This code is set up to work with python (I developed it with 3.9.4) and virtualenv. You can use these by executing (from this directory):

virtualenv .venv
source .venv/bin/activate

pip install -r requirements.txt

What this Does

The scripts here all have optional support for two kinds of conferences:

  1. A conference with only "individual papers" – that is, individual talks are submitted, and the algorithm bundles these into sessions of a given size.
  2. A conference with both "individual papers" and "sessions" – that is, where a session organizer submitted a set of talks that should be kept together.

Also, these scripts have support for "blocks" in your conference – different categories of time-slot, where users can choose which blocks they are willing to present in. (Think, for example, of users picking between different times of day that are consistent with their local timezone for an online conference.)

In general, the algorithm here will perform the following steps:

  1. Assess the similarity between all of the paper and session abstracts in your meeting. There's a number of ways to do this, including LDA topic-modeling approaches and WordVec (word embedding) based solutions.
  2. Create an initial randomized schedule, consistent with user block preferences (if you're using those).
  3. Optimize that random schedule, by randomly swapping talks/sessions, with the goal of:
    • Maximizing the similarity within a session (i.e., putting papers together that are similar)
    • Minimizing the similarity between sessions in the same time-slot (i.e., reducing the incentive for people to jump between sessions)

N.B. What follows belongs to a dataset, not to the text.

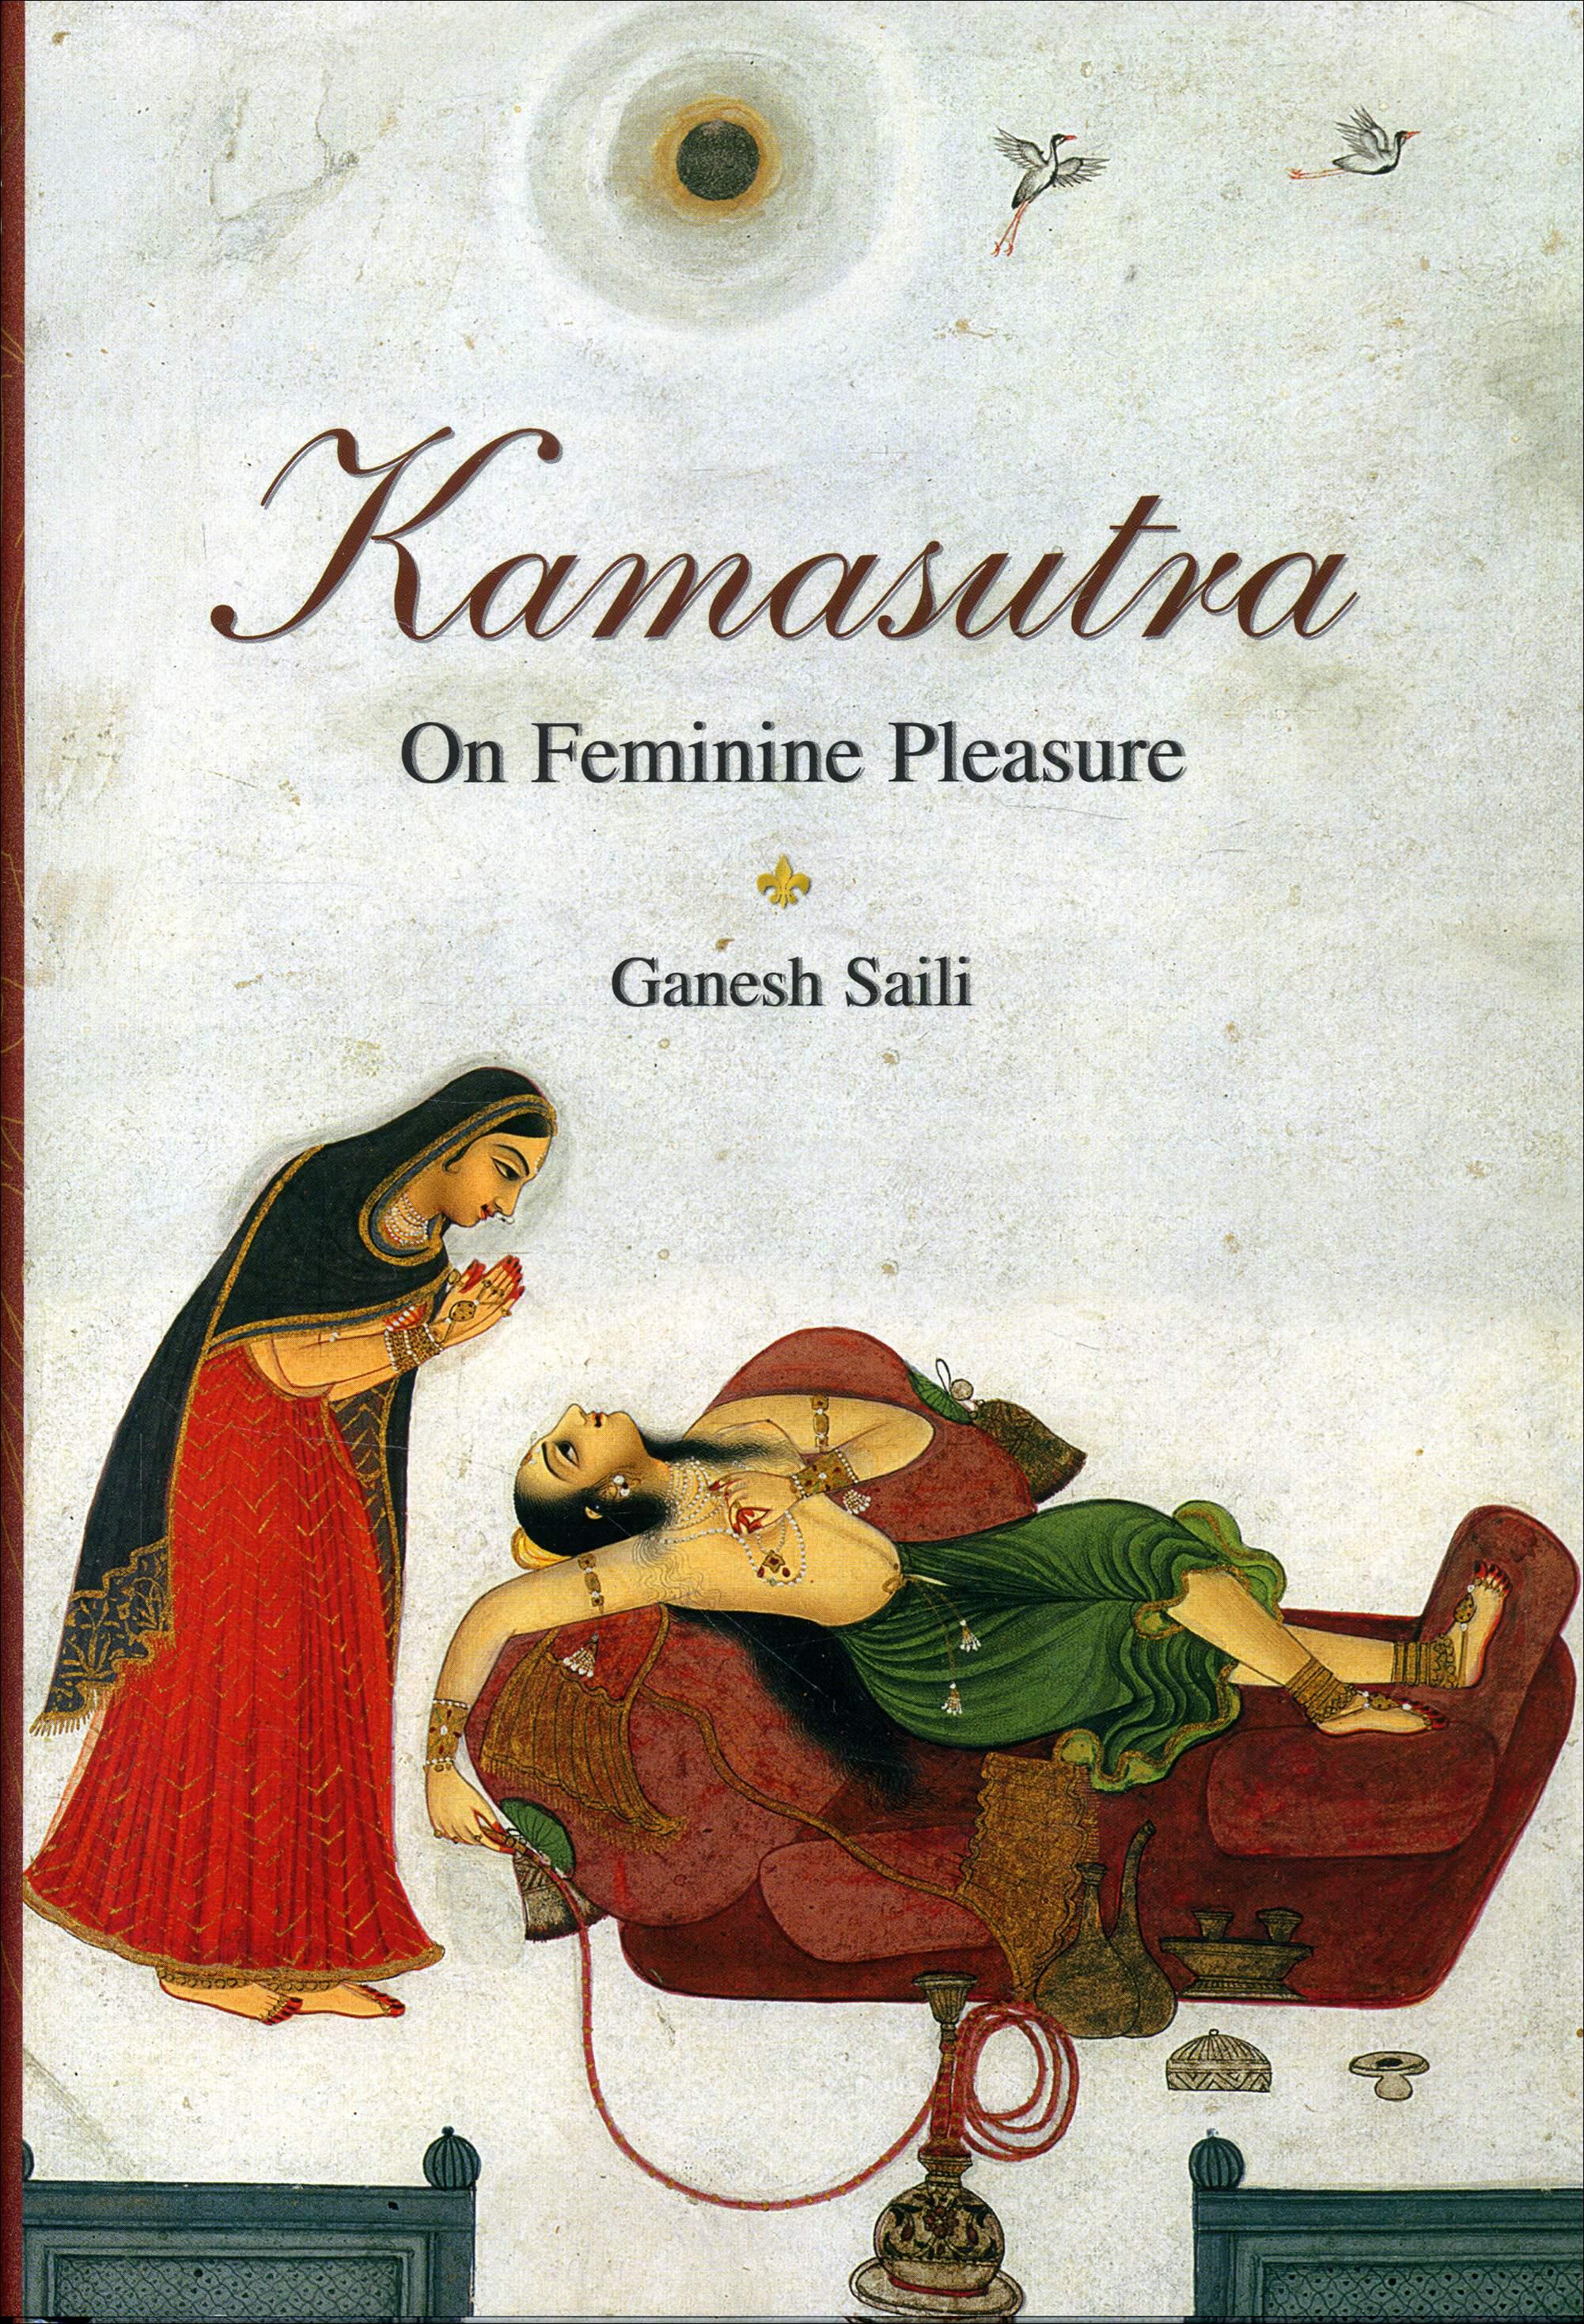 Kama Sutra on Feminine Pleasure - Ganesh Saili NEW book   eBay
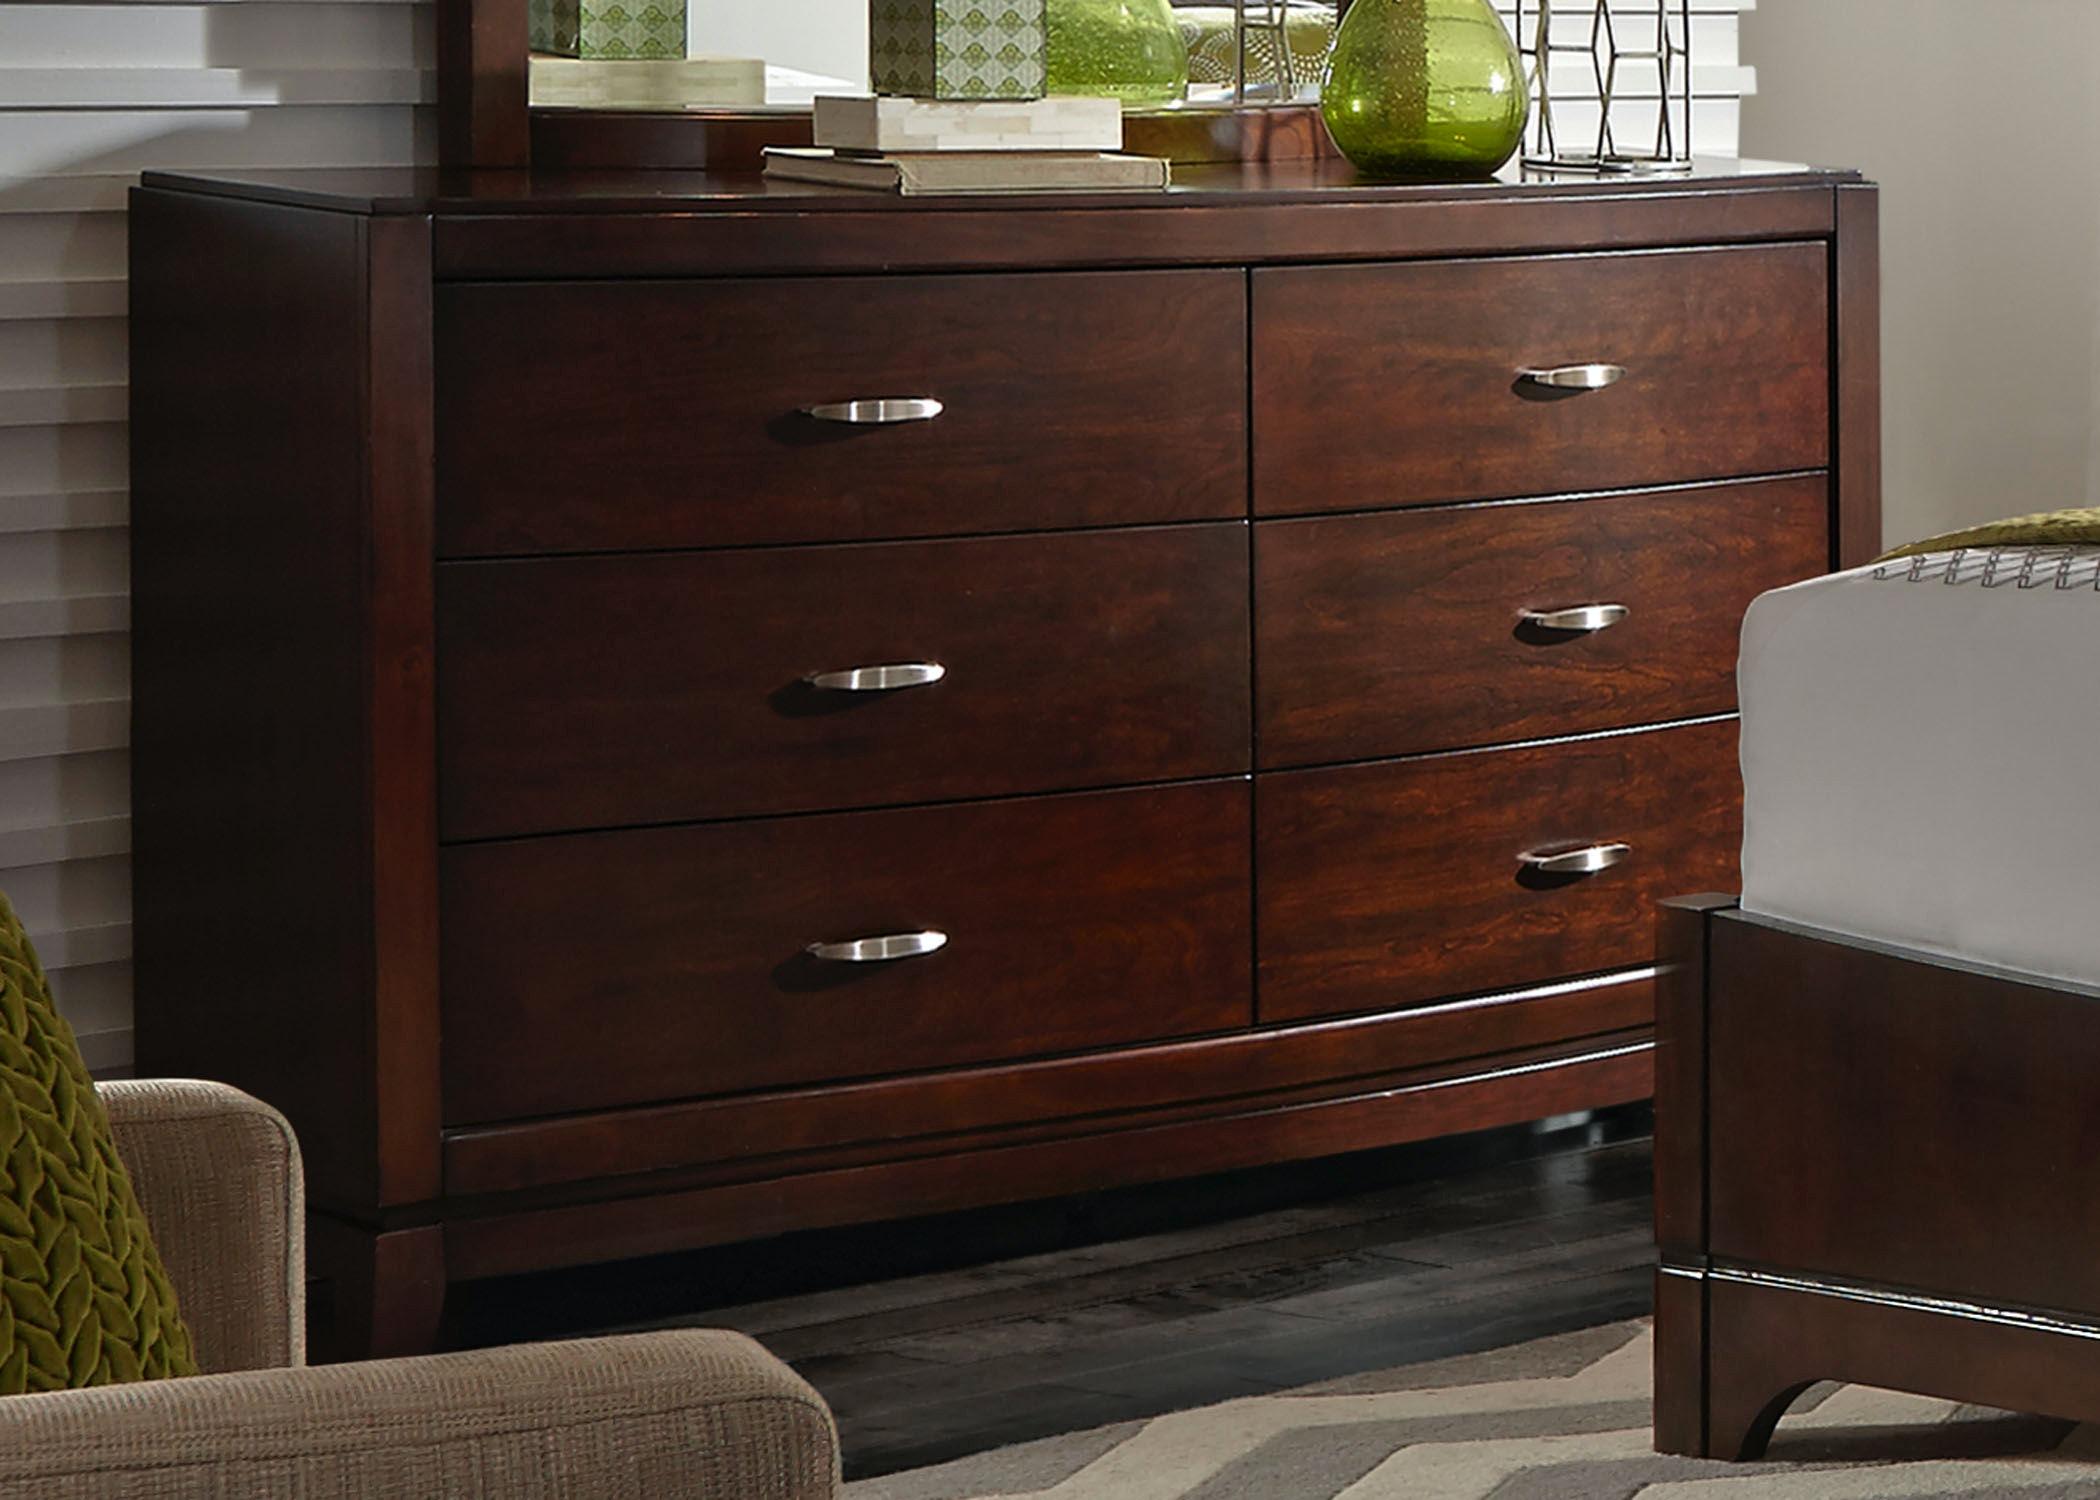 Liberty Furniture Bedroom Dresser & Mirror 505 BR DM

There are two sets of sample data here – ISH2019 and ISH2021. The former was testing data, and only includes individual paper submissions. The latter was real data for the first schedule of the ISHPSSB 2021 conference, and includes both individual papers and sessions.

Details

Brief details about the scripts found in the src directory can be found here. In general, all of the parameters that you can configure for these scripts can be passed on the command line, and you can learn about them by calling python <script.py> --help.

Note: For all three of the similarity scripts, if you are using both individual papers and sessions, you should pass all of the individual paper abstract files followed by all of the session abstract files. This will produce the right kind of combined document similarity matrix that is needed for the optimization script later on.

Similarity-LDA.py — Compute similarity with topic models

The first of three different algorithms for computing document similarity, this code creates topic models from the documents in the corpus, and then measures the distance between the representations of each talk or session in terms of those topics.

The major tunable parameters in this script are --num-topics and --passes. The former sets the number of topics, and should be evaluated by examining the metrics calculated for the models that result (there are scripts for looking at these in the two example folders). The latter sets the number of passes through the corpus for model training. In general, higher is better at the expense of more time spent training the models.

By default, the distance between document vectors is computed with cosine similarity; you can switch to Hellinger distance by passing --hellinger.

Similarity-WordVecWMD.py — Compute similarity with Word Mover Distance

This script uses the GloVe model for word embeddings to describe the positions of documents in semantic space, then computes the distance between them using Word Mover Distance (roughly, the amount of effort that would be required to transform the probability distribution of document A into that of document B).

There's no tuning for this algorithm. It is extremely resource intensive, and often CPU-limited; it will run in parallel to the extent possible on your hardware.

Similarity-WordVecSoftCosine.py — Compute similarity with soft cosine distance

This script also uses the GloVe model for word embeddings, but calculates distance between document vectors using soft cosine. It is much faster than WMD, though in my testing it produces lower quality results.

RandomSchedule.py — Generate random schedule

This script creates a random schedule (possibly taking into account consistency with preferences about blocks). Pass it the structure of blocks, time-slots, and sessions for your conference.

OptimizeSchedule.py — Optimize schedule

This script performs random swaps to attempt to produce an optimal schedule, using simulated annealing. There are a number of tunable parameters for this algorithm, though in the vast majority of cases the defaults will be acceptable.

Raising the value of --alpha from 0.99 to, e.g., 0.999 will allow for more exploration of the space away from local optima, but will increase time and may decrease final output quality. Note that --iterations is an upper bound; the algorithm will stop when it fails to produce an increase in solution quality for 1000 consecutive iterations.

The entire algorithm will be run --runs times (default 200), and the final script will print the best solution found among those runs.

PrintSchedule.py — Print readable schedule

This script prints a basic, readable version of the optimized schedule to stdout.

License and History

This code copyright 2021 Charles H. Pence and released under the GNU GPL v3. See LICENSE.txt.

This code is based upon the Automated Conference Scheduler code by Prashanti Manda, copyright 2014 and released under the GNU GPL. For information about that original project, see README-original.md.